## Retrieving data from FDB

In [1]:
import earthkit.data

FDB (Fields DataBase) is a domain-specific object store developed at ECMWF for storing, indexing and retrieving GRIB data. For more information on FBD please consult the following pages:

- [FDB](https://fields-database.readthedocs.io/en/latest/)
- [pyfdb](https://pyfdb.readthedocs.io/en/latest/)

This example requires FDB access and the <b>FDB_HOME</b> environment variable has to be set correctly. 

The following request was  written to retrieve data from the operational FDB at ECMWF.  Please note that the **date** must be adjusted since FDB at ECMWF only stores the most recent dates.

In [2]:
request = {
    'class': 'od',
    'expver': '0001',
    'stream': 'oper',
    'date': '20230524',
    'time': [0, 12],
    'domain': 'g',
    'type': 'an',
    'levtype': 'sfc',
    'step': 0,
    'param': [151, 167]
}

### Reading as a stream

We can retrieve data from FDB as a stream.

#### Stream: iteration with one field at a time in memory

When we use the default arguments the resulting object can only be used for iteration and only one field is kept in memory at a time. Fields created in the iteration get deleted when going out of scope.

In [3]:
ds = earthkit.data.from_source("fdb", request)
for f in ds:
    print(f)

GribField(msl,None,20230524,0,0,0)
GribField(2t,None,20230524,0,0,0)
GribField(msl,None,20230524,1200,0,0)
GribField(2t,None,20230524,1200,0,0)


Once the iteration is completed, there is nothing left in *ds*.

In [4]:
for f in ds:
    print(f)

#### Stream: using batch_size

We can read multiple fields into memory from the stream at a time by using **batch_size** in *from_source()*:

In [5]:
ds = earthkit.data.from_source("fdb", request, batch_size=2)
for f in ds:
    # f is a FieldList containing 2 fields. It gets deleted when going out of scope
    print(len(f))
    print(f.metadata("param"))

2
['msl', '2t']
2
['msl', '2t']


#### Stream: storing all the fields in memory

When we use **batch_size=0** all the fields are loaded into memory and the resulting object iswill behave like a FieldList

In [6]:
ds = earthkit.data.from_source("fdb", request, batch_size=0)

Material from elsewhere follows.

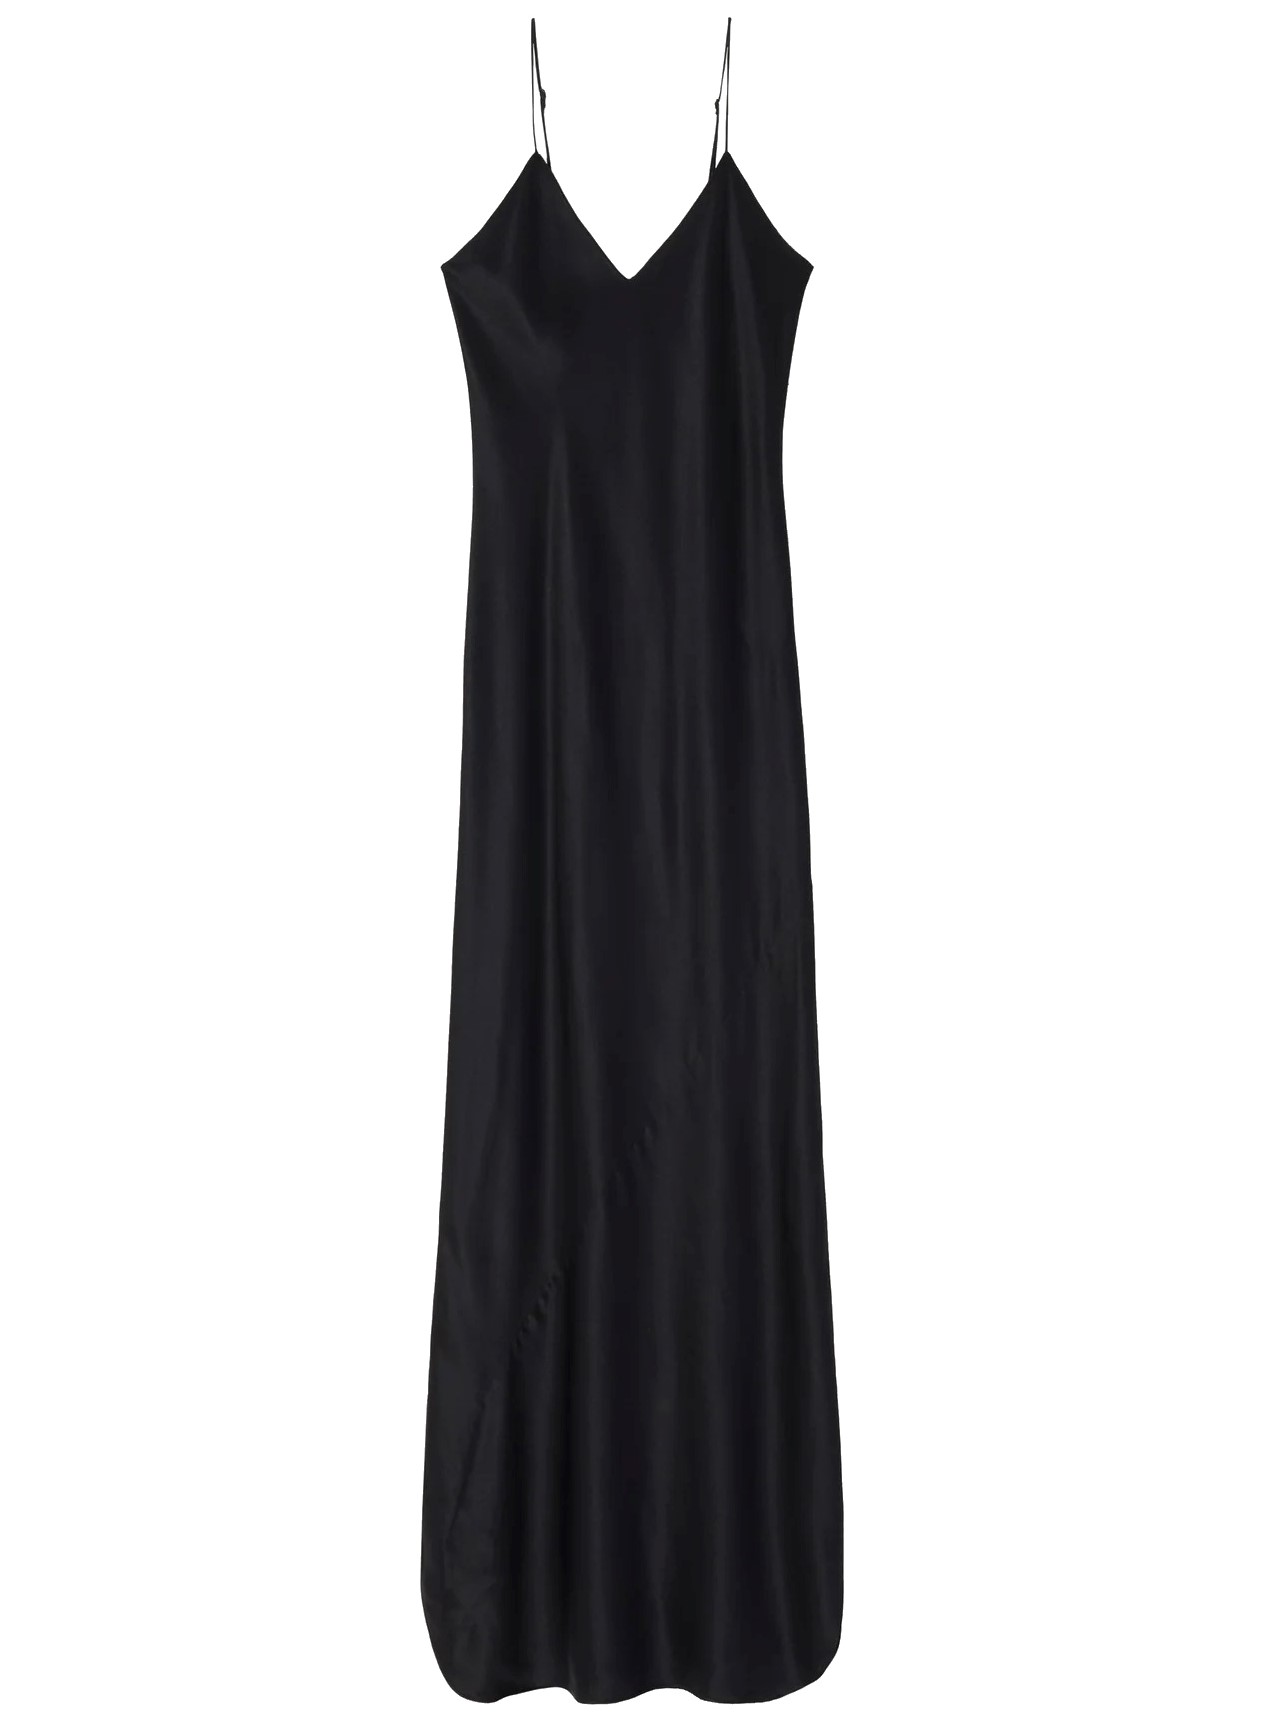 NILI LOTAN Cami Gown Dress in Black L
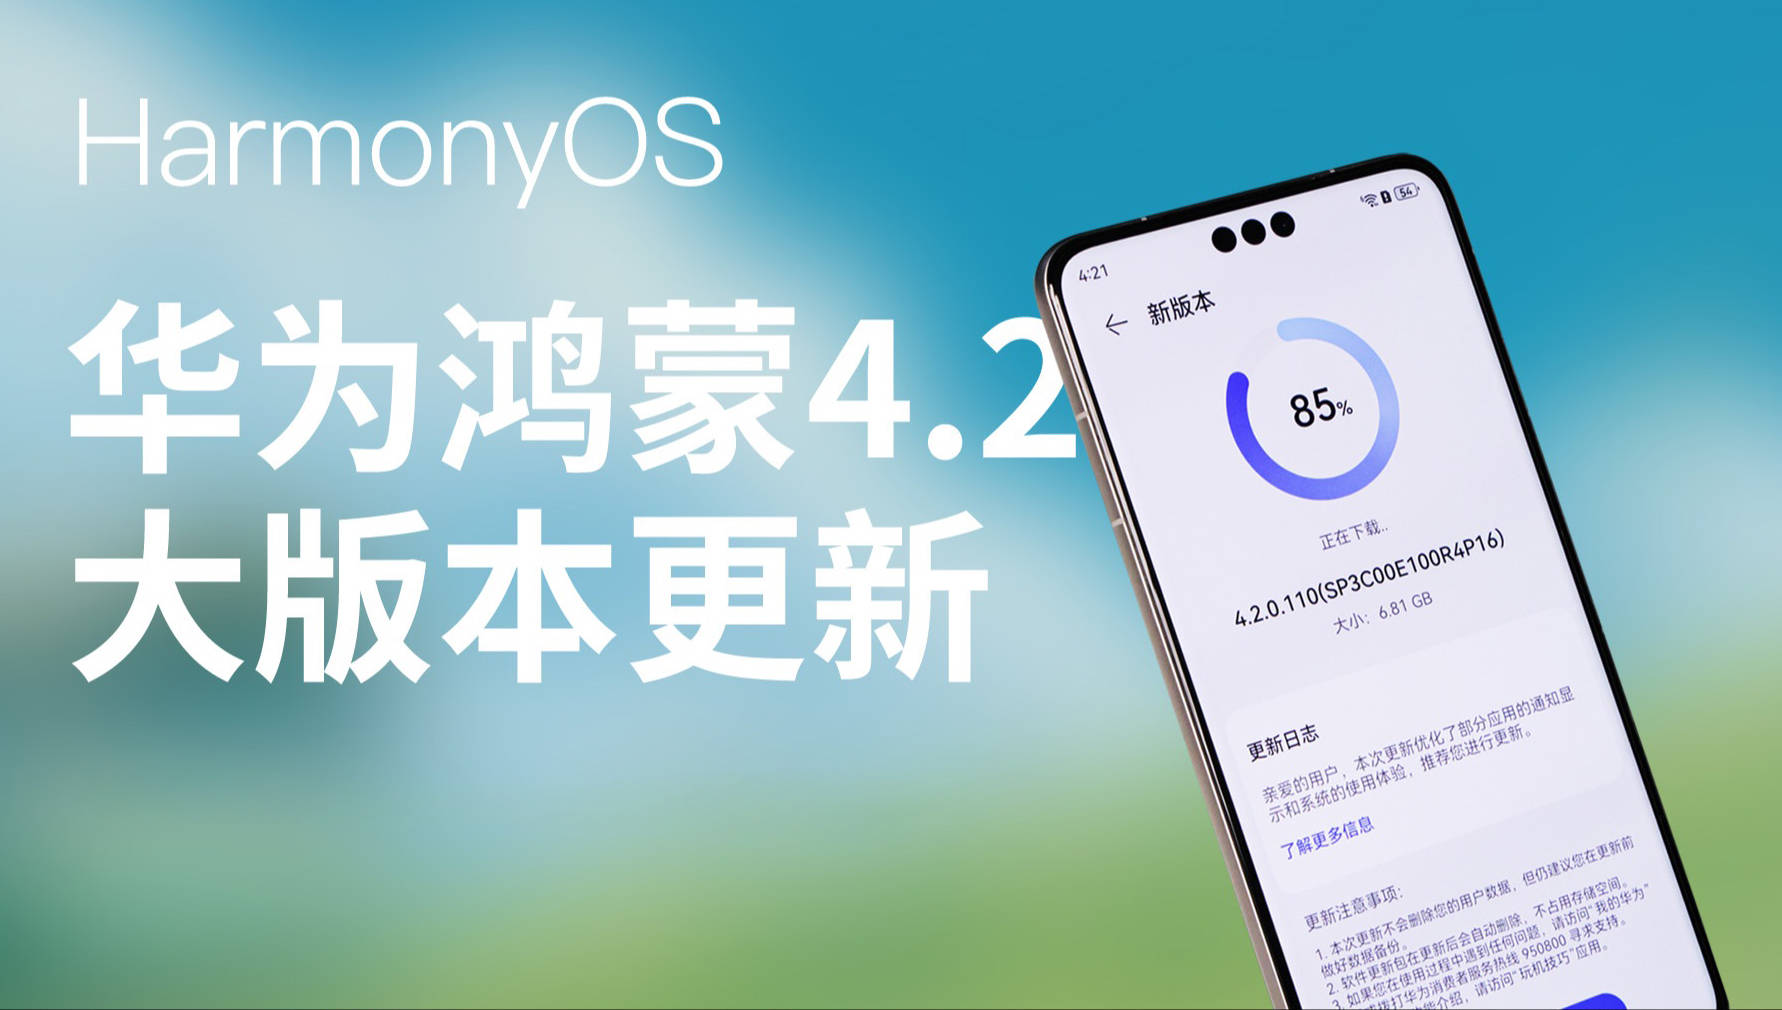 New Phones Update to HarmonyOS 4.2

Nothing is read at this moment:

In [7]:
print(f"stored fields count={len(ds._reader._fields)}")

stored fields count=0


If we call any function on the fieldlist it reads the messages into memory

In [8]:
len(ds)

4

In [9]:
print(f"stored fields count={len(ds._reader._fields)}")

stored fields count=4


In [10]:
ds.ls()

Unnamed: 0,centre,shortName,typeOfLevel,level,dataDate,dataTime,stepRange,dataType,number,gridType
0,ecmf,msl,surface,0,20230524,0,0,an,0,reduced_gg
1,ecmf,2t,surface,0,20230524,0,0,an,0,reduced_gg
2,ecmf,msl,surface,0,20230524,1200,0,an,0,reduced_gg
3,ecmf,2t,surface,0,20230524,1200,0,an,0,reduced_gg


In [11]:
ds.sel(param="2t").ls()

remapping={}


Unnamed: 0,centre,shortName,typeOfLevel,level,dataDate,dataTime,stepRange,dataType,number,gridType
0,ecmf,2t,surface,0,20230524,0,0,an,0,reduced_gg
1,ecmf,2t,surface,0,20230524,1200,0,an,0,reduced_gg


In [12]:
ds.to_xarray()

### Reading into a file

We can retrieve data from FDB into a file, which is located in the cache: 

In [13]:
ds = earthkit.data.from_source("fdb", request, stream=False)

In [14]:
ds.ls()

Unnamed: 0,centre,shortName,typeOfLevel,level,dataDate,dataTime,stepRange,dataType,number,gridType
0,ecmf,msl,surface,0,20230524,0,0,an,0,reduced_gg
1,ecmf,2t,surface,0,20230524,0,0,an,0,reduced_gg
2,ecmf,msl,surface,0,20230524,1200,0,an,0,reduced_gg
3,ecmf,2t,surface,0,20230524,1200,0,an,0,reduced_gg


The data is now cached. Subsequent retrievals will used the cached file directly.